# Greyhound/ Murray



## Aurita (Feb 23, 2009)

Hi
I am traveling with my 5 year old son, landing in Sydney and taking a bus to Canberra (cheapest route) - but i find a reasonable difference in online non-refundable fares for murray (cheaper) / greyhound (dearer) for my particular dates.

any comments on which one is more comfortable? also, do both buses allow 4 large suitcases?


----------



## amaslam (Sep 25, 2008)

Might be cheaper to fly actually (depends on how much baggage you have).

Check out:

Welcome To Tiger Airways
Virgin Blue Home
Qantas - flights to Australia, New Zealand, Africa and Asia. Book airfares at qantas.com.

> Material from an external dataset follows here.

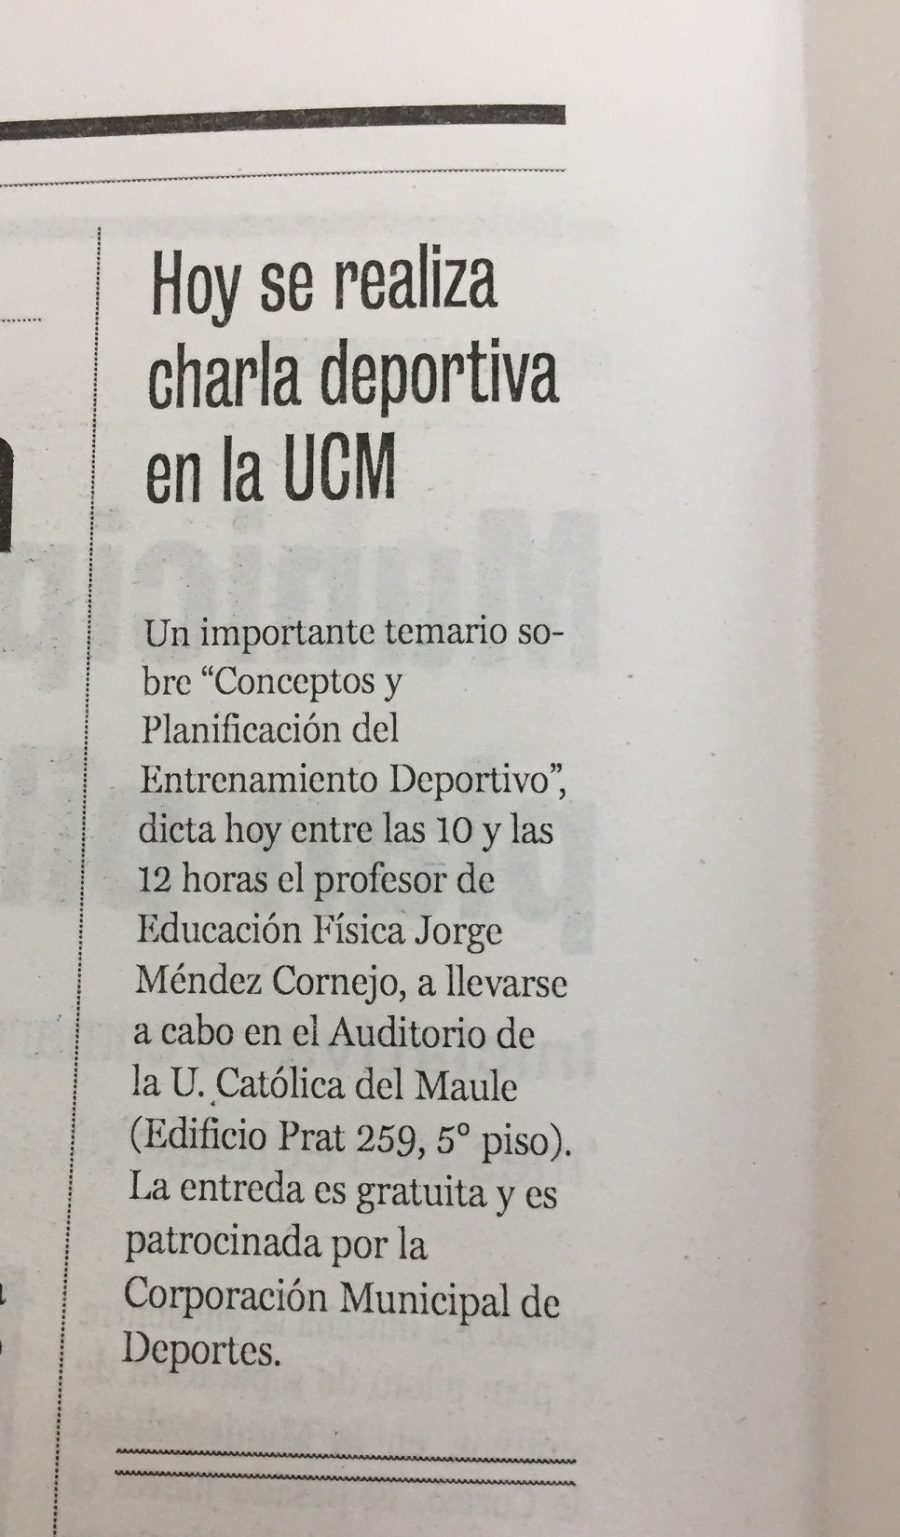 27 de mayo en Diario La Prensa: “Hoy se realiza charla deportiva en la UCM”

They always run specials so join their mailing lists. Plenty of flights between Sydney and Canberra.

***
Here is the baggage info for Greyhound:
http://www.greyhound.com.au/Footer/terms-and-conditions.aspx#05

You should be OK with 4 pieces (you can have carry ons also).



Aurita said:


> Hi
> I am traveling with my 5 year old son, landing in Sydney and taking a bus to Canberra (cheapest route) - but i find a reasonable difference in online non-refundable fares for murray (cheaper) / greyhound (dearer) for my particular dates.
> 
> any comments on which one is more comfortable? also, do both buses allow 4 large suitcases?


----------



## anj1976 (Apr 24, 2008)

I noticed the fare is about 100A$ but what about luggage, I am sure Aurita is carrying her 40kg/person limit. She will have to pay a lot for extra baggage, wont traveling by bus be more feasible for her?


----------



## amaslam (Sep 25, 2008)

Yes, bus is cheapest. I've never used it as CBR-SYD flights are so frequent.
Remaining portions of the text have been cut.